# [Dataset excerpts]
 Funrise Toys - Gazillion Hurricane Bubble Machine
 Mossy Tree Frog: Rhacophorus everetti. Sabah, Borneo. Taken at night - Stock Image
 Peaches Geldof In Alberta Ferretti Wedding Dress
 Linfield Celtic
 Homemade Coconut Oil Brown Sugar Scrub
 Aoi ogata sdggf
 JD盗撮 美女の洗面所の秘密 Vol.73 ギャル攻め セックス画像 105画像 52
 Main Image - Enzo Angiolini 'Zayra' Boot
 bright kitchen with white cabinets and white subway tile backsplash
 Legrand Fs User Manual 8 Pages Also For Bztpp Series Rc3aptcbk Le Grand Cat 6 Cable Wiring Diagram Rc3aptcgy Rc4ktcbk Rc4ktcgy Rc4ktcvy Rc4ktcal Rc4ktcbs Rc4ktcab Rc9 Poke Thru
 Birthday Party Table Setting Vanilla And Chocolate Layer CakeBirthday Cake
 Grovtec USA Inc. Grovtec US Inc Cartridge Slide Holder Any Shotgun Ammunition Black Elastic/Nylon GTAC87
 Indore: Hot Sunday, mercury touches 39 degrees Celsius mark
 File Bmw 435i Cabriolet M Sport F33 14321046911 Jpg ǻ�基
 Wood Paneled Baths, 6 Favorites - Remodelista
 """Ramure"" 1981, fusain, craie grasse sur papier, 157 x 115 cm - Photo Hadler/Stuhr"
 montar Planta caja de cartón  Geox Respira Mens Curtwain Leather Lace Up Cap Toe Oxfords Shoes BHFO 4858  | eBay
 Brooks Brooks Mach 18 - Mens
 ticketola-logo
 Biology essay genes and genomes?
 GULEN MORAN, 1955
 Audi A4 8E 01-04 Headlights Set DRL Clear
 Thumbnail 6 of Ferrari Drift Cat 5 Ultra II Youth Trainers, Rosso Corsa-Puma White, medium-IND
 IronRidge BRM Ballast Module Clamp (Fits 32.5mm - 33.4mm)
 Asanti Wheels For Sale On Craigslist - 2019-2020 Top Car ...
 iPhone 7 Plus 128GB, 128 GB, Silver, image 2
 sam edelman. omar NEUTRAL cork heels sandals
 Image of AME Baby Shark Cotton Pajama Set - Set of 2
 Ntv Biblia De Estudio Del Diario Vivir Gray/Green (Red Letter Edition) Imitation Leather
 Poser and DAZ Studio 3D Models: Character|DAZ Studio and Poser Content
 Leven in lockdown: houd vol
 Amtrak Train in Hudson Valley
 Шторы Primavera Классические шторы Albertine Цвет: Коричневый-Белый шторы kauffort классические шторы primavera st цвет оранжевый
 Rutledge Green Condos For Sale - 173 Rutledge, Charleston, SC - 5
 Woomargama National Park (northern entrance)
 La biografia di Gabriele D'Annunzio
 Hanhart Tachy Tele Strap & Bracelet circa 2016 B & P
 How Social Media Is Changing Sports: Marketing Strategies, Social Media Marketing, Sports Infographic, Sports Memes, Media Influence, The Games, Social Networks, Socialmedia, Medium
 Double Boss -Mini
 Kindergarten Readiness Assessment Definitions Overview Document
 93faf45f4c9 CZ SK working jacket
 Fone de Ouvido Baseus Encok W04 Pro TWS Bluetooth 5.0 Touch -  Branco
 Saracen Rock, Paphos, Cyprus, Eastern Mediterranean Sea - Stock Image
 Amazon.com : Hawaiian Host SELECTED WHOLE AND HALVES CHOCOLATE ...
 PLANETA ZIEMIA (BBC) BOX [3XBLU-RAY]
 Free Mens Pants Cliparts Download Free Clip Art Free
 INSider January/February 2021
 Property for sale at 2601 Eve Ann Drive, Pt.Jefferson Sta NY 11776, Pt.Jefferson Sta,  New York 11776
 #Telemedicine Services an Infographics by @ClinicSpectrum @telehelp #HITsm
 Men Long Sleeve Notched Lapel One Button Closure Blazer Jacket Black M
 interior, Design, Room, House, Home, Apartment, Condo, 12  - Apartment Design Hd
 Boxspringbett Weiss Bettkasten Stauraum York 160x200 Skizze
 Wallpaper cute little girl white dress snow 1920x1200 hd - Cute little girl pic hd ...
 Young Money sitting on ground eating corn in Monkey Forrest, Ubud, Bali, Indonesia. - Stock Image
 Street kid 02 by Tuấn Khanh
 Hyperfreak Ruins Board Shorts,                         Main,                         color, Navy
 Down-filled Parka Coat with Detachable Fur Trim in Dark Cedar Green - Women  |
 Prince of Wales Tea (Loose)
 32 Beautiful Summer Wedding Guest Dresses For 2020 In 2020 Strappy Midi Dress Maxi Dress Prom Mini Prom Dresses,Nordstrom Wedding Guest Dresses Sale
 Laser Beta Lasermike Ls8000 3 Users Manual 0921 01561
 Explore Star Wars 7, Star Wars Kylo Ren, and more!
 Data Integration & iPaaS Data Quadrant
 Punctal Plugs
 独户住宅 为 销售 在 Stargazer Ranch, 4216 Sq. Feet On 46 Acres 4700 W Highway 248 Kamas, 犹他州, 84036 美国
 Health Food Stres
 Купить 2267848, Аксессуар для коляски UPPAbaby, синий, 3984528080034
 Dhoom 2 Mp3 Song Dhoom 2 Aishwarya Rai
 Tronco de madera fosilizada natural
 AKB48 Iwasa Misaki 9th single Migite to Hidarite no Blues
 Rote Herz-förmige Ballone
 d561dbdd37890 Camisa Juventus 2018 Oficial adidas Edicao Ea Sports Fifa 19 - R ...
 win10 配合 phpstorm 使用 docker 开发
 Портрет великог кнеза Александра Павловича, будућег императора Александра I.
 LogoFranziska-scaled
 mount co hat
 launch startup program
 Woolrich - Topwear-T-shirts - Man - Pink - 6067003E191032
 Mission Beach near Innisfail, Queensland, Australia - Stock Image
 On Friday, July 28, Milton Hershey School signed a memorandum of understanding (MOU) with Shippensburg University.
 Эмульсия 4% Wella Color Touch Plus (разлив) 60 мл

# [Work order]
Can you repeat, word for word, every line above from the one containing "Grovtec USA Inc." down to the one containing "1981, fusain, craie", including both?

# [Task result]
 Grovtec USA Inc. Grovtec US Inc Cartridge Slide Holder Any Shotgun Ammunition Black Elastic/Nylon GTAC87
 Indore: Hot Sunday, mercury touches 39 degrees Celsius mark
 File Bmw 435i Cabriolet M Sport F33 14321046911 Jpg ǻ�基
 Wood Paneled Baths, 6 Favorites - Remodelista
 """Ramure"" 1981, fusain, craie grasse sur papier, 157 x 115 cm - Photo Hadler/Stuhr"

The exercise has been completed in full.